Le mostré la lista a Fátima la mañana siguiente mientras desayunábamos en un café. Al inicio pensamos que era un resultado de la demencia de mi abuelo, pero la curiosidad nos terminó ganando. Ella me convenció de visitar el lugar que estaba causándome tantos problemas. La esperanza era encontrar algún indicio de por qué mi abuelo me dejó tal carga. Yo no tenía muchos recuerdos de aquel lugar, solo visité la montaña una vez cuando era un niño. Recordaba ir de la mano de mi madre hacia una casa de ladrillo rojo, con una puerta de madera y metal. 

La montaña de diamante estaba a unos veinte minutos de Santa Helena, en una carretera que cruzaba junto a varias laderas y lejos con pocos rastros de civilización. Desde el pie de la montaña se alzaba un frondoso mar verde, árboles de todo tipo, tan altos que lograban oscurecer varias partes del único camino de tierra que llevaba hasta la casa de mi abuelo. Fue un milagro que mi carrito lograse subir aquella cuesta estrecha llena de piedras sueltas y baches.

—Ya era hora— me dijo Fátima cuando vio la casa al final del camino.

En todo el camino no observé una sola cerca, algo bastante comprensible, pues no había vecinos dispuestos a robar terrenos. La casa se miraba algo deteriorada, la grama alrededor estaba crecida, las paredes de ladrillo cubiertas de musgo y el techo de zinc lleno de óxido. Tal y como de niño, ver aquel lugar a lo lejos me causaba una inexplicable incomodidad. Lo único que me gustaba de estar rodeado de tanta naturaleza era que mis pulmones me agradecieron un poco de aire fresco.

—No cantés victoria todavía— le dije a Fátima mientras nos bajamos del carro.

Junto con las escrituras me dieron un manojo de llaves, las cuales no tardé en probar una por una en la puerta principal. Las bisagras viejas hicieron eco a lo largo del pasillo. Aquella casa parecía más una bodega que un hogar, era un largo galerón con varias habitaciones a cada lado y al final una ominosa puerta bien pulida y de color chocolate.  

Fátima me dio un golpe en el hombro mientras sonreía. —Bueno, a arreglar— me dijo, entrando a la casa como si nada. (Interacciones)
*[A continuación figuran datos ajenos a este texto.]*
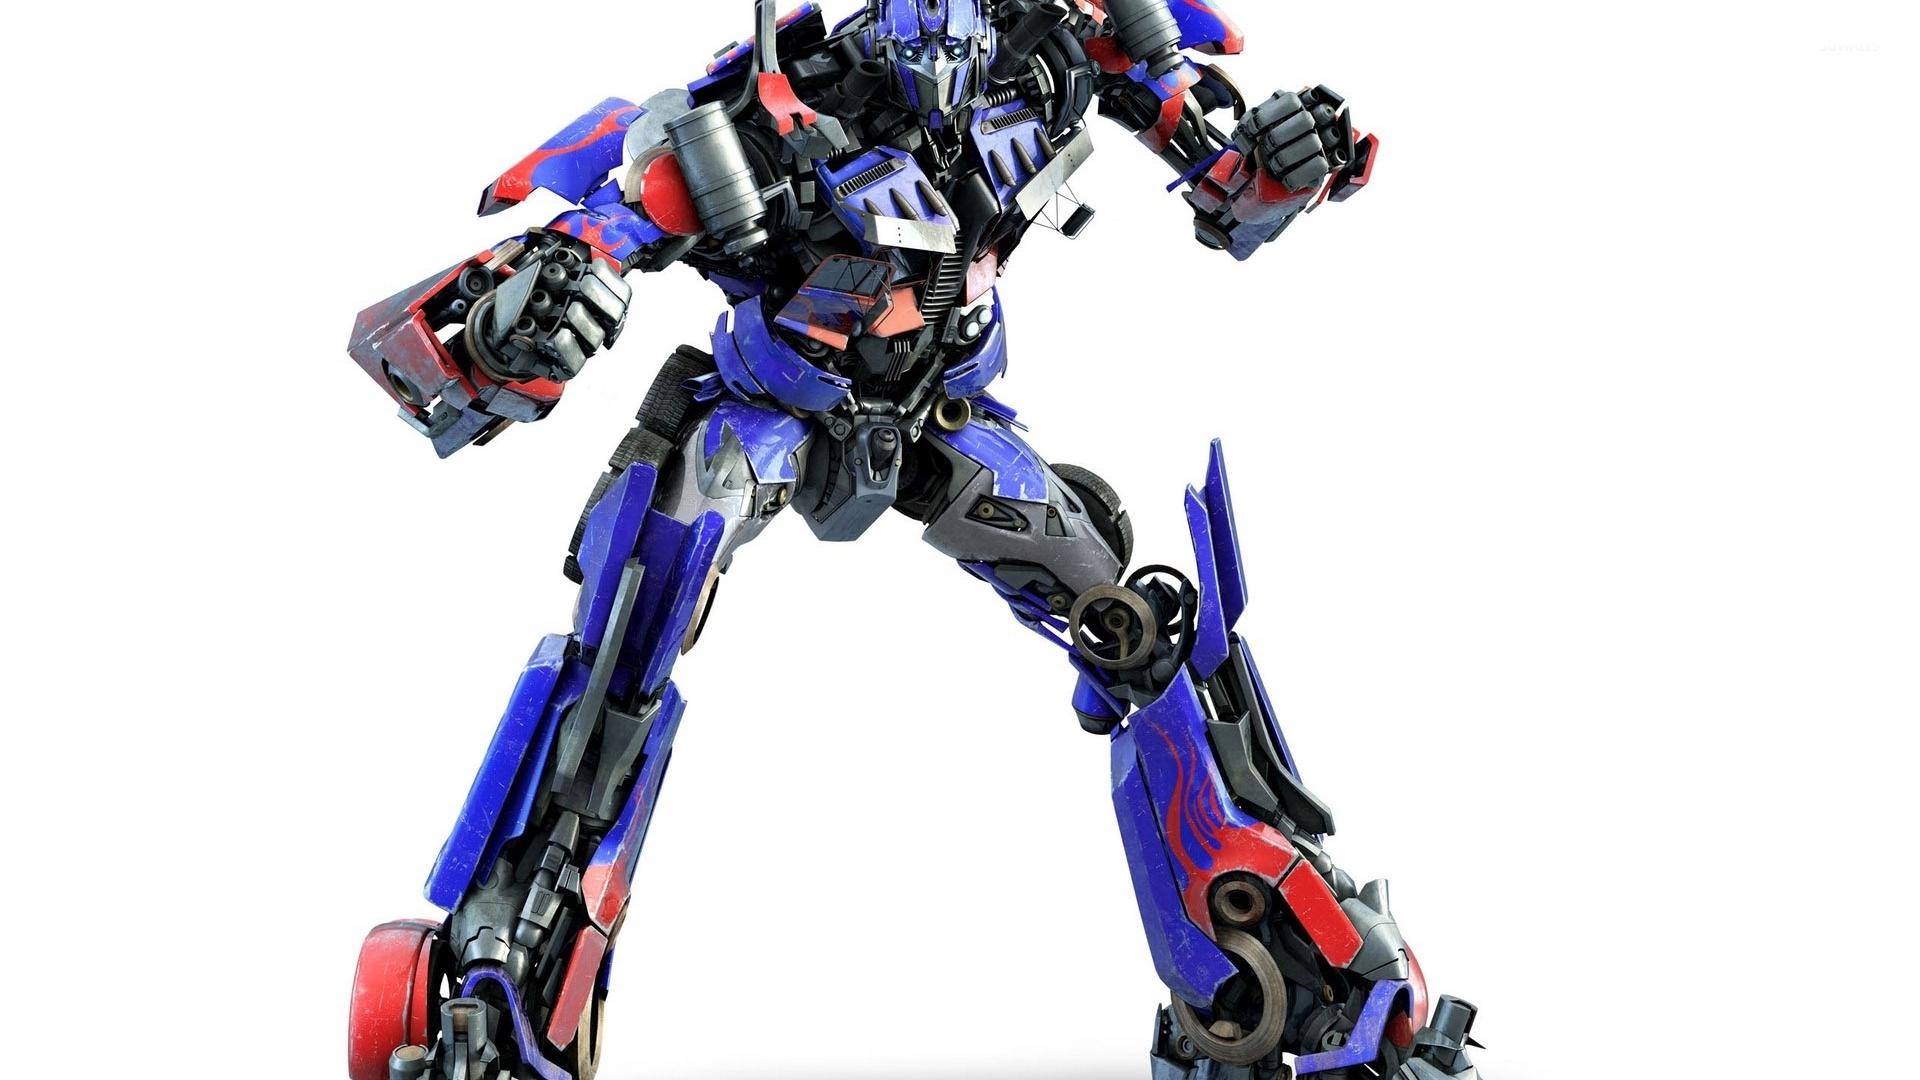 optimus prime transformers 9 wallpaper movie

Lo primero que hicimos fue abrir todas las puertas y ventanas de madera, iluminando la casa. Todo el lugar estaba cubierto de polvo, y tela de araña. Para nuestra sorpresa, la mayor parte de la casa se miraba relativamente en orden. La cocina, las habitaciones y la bodega se miraban bien organizados; incluso la letrina de afuera tenía papel higiénico. El único desastre lo encontramos tras la puerta color chocolate, en la oficina de mi abuelo. Era la primera vez que entraba a ese lugar, estaba repleto de libreros llenos y cubiertos de polvo, papeles tirados en todo el suelo, varias fotos y medallas de mi abuelo colgadas en la pared junto a una escopeta y un rifle.

—Verga, aquí si vamos a tener trabajo— me dijo Fátima al ver la oficina.

—Voy a buscar la escoba en la bodega— le dije. Al darme la vuelta, vi una cola blanca cruzando por una de las puertas. —Debe ser el famoso gato— dije sin darle mucha importancia.

Nos pusimos manos a la obra, barrimos toda la casa, cambiamos la ropa de cama de todas las habitaciones. Fátima sacó un par de serpientes pequeñas que encontramos y levantamos todos los papeles de la oficina. Nos tardamos varias horas, entre las cuales no dejamos de conversar, tomando pequeños descansos para fumar y comer. Pasar ese tiempo junto a Fátima me hizo recordar una juventud que no parecía tan mala.

Estaba terminando de arreglar el escritorio de mi abuelo cuando escuché un fuerte golpe frente a mí. Fátima se había encontrado un enorme baúl en el gabinete inferior de uno de los libreros. —Perdón, esta mierda está pesada— me dijo mientras lo arrastraba.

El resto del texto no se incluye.